How Much Is a House Appraisal and What Do Those Fees Cover?

It costs money to have a professional appraiser evaluate your property and tell you how much it’s worth. While the buyer is generally the one to cover appraisal fees in a property sale, in some scenarios a homeowner or home seller will choose to order their own house appraisal, sometimes as an aid in pricing a unique property or to generate ideas for upgrades that would add value. In that case, you’ll want to be prepared to pay the associated costs.

“Almost anywhere in the country, the minimum amount necessary for a credible home appraisal is likely going to be somewhere between $450-$550,” says Mike Ford, a Southern California-based general certified real estate appraiser since 1986.

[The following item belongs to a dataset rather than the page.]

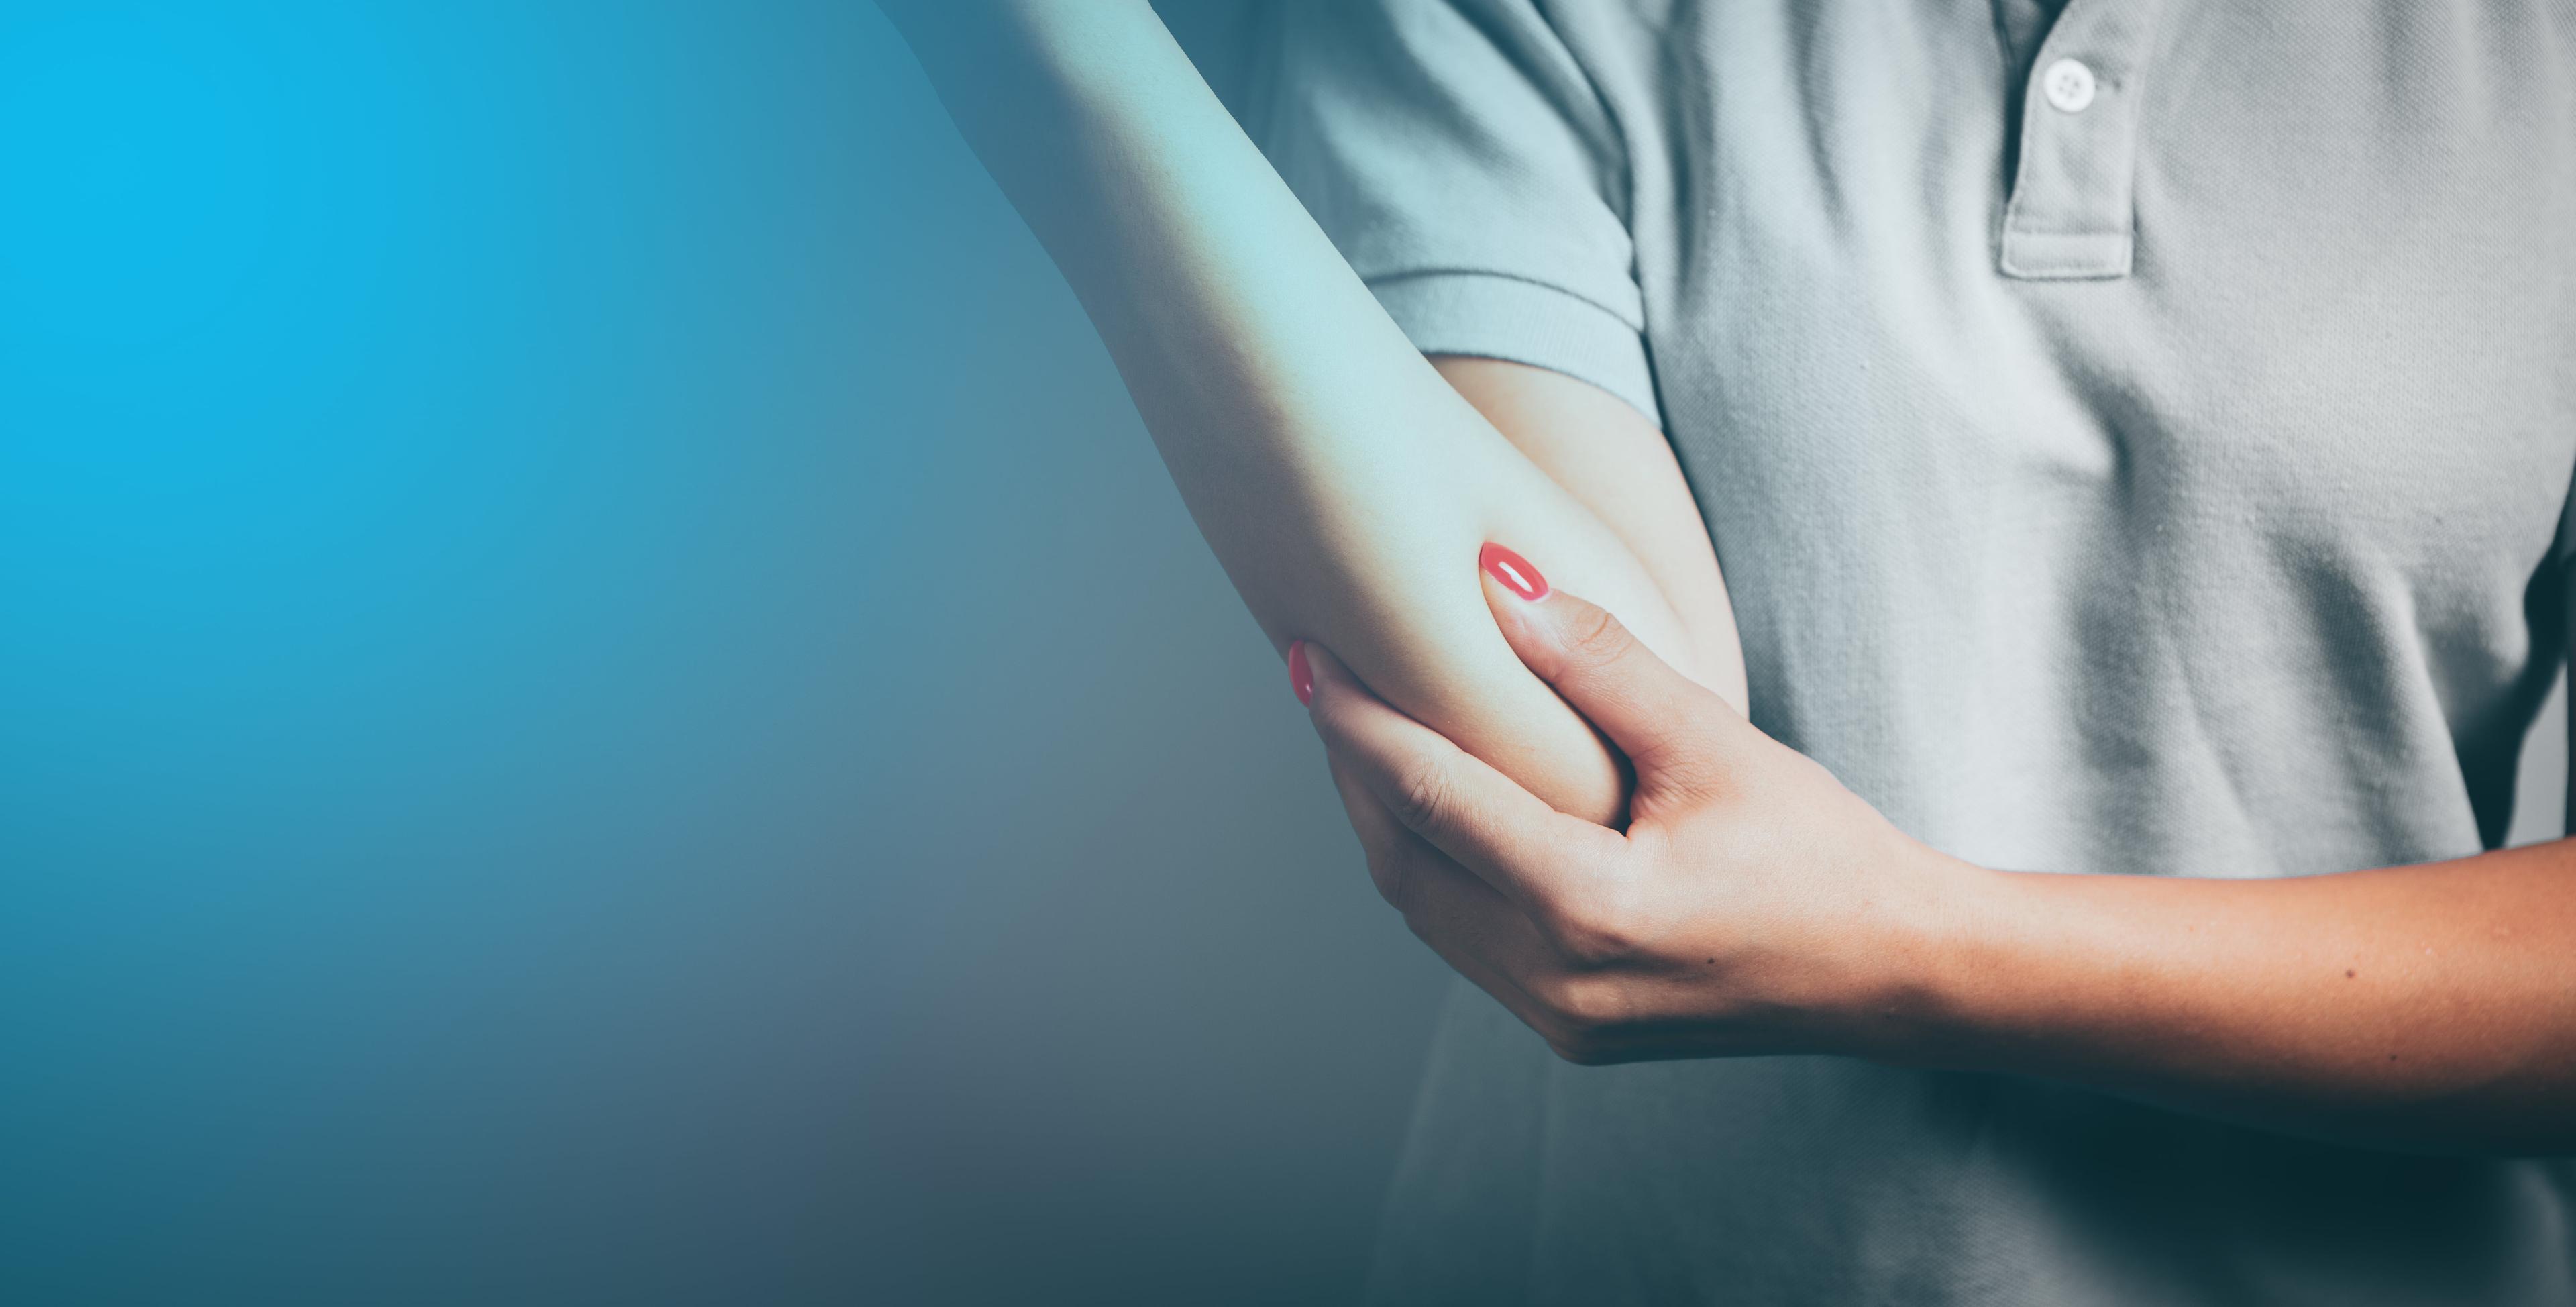 person holding elbow to symbolize pain and injury

Those appraisal fees account for:

  • The expertise of the appraiser, who has been licensed, trained, and insured in the profession
  • The appraiser’s visual inspection of the home
  • The appraiser’s analysis of recent comparable sales (or application of other appraisal methods, such as the cost approach or income method)
  • The appraisal report, summarizing how the appraiser arrived at a true, unbiased opinion of value
  • Details like your property’s size, location, and unique characteristics

However, your appraisal could cost more or less depending on where you live, the type of loan involved, and appraiser availability in your area. Here we’ll give a quick refresher on what a home appraisal entails and how the cost of one can be influenced by a number of factors.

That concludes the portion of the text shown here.